One of the biggest reasons investors like preferred stocks and the corresponding exchange traded funds, such as the PowerShares Preferred Portfolio (NYSEArca: PGX) is yield. Put simply, preferreds and the ETFs that hold them usually sport far higher yields than are found on standard bond investments, but for PGX, that is changing.

However, the change is not a negative. It simply results in a smaller yield on the ETF. PGX, which is over nine years old, tracks the BofA Merrill Lynch Core Plus Fixed Rate Preferred Securities Index. The ETF holds 251 preferred stocks.

“A key measure of the yield for the exchange-traded fund’s underlying index plunged by nearly 3 percentage points on March 22. The change came because the index switched the way it calculates the metric known as yield to worst, which indicates the investor’s income from the fund in a worst-case-scenario,” reports Carolina Wilson for Bloomberg.

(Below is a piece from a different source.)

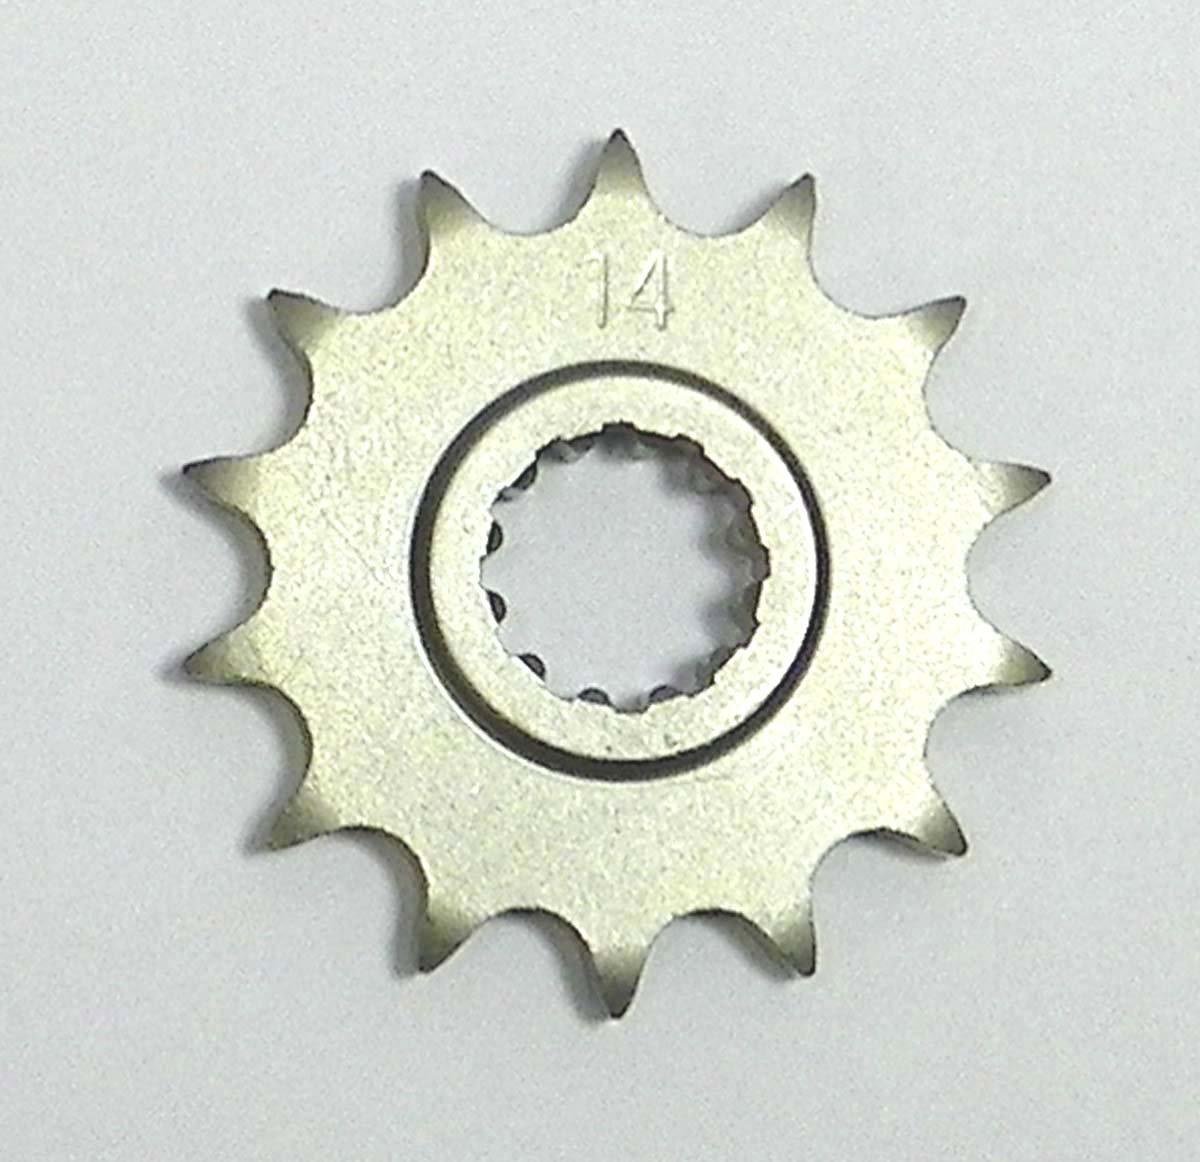 KTM Steel Front Sprocket Moto-X SX 85 2003-2017/ XC 85 2008-2009/ SX 105 2004-2011/ XC 105 2008-2009 14 Teeth FSE-013-14 OEM #: 47033029014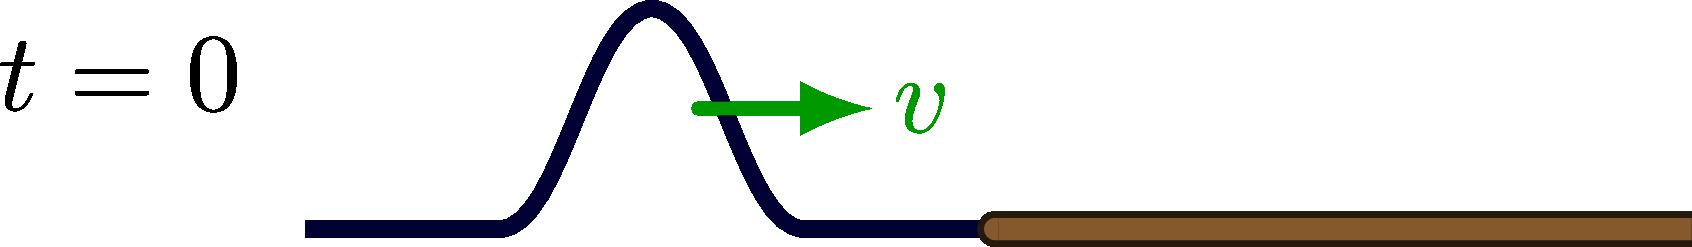 waves_reflection_transmission-005.png

Preferred stocks are a type of hybrid security that show bond- and equity-like characteristics. The shares are issued by financial institutions, utilities and telecom companies, among others. Within the securities hierarchy, preferreds are senior to common stocks but junior to corporate bonds. Additionally, preferred stocks issue dividends on a regular basis, but investors don’t usually enjoy capital appreciation on par with common shares.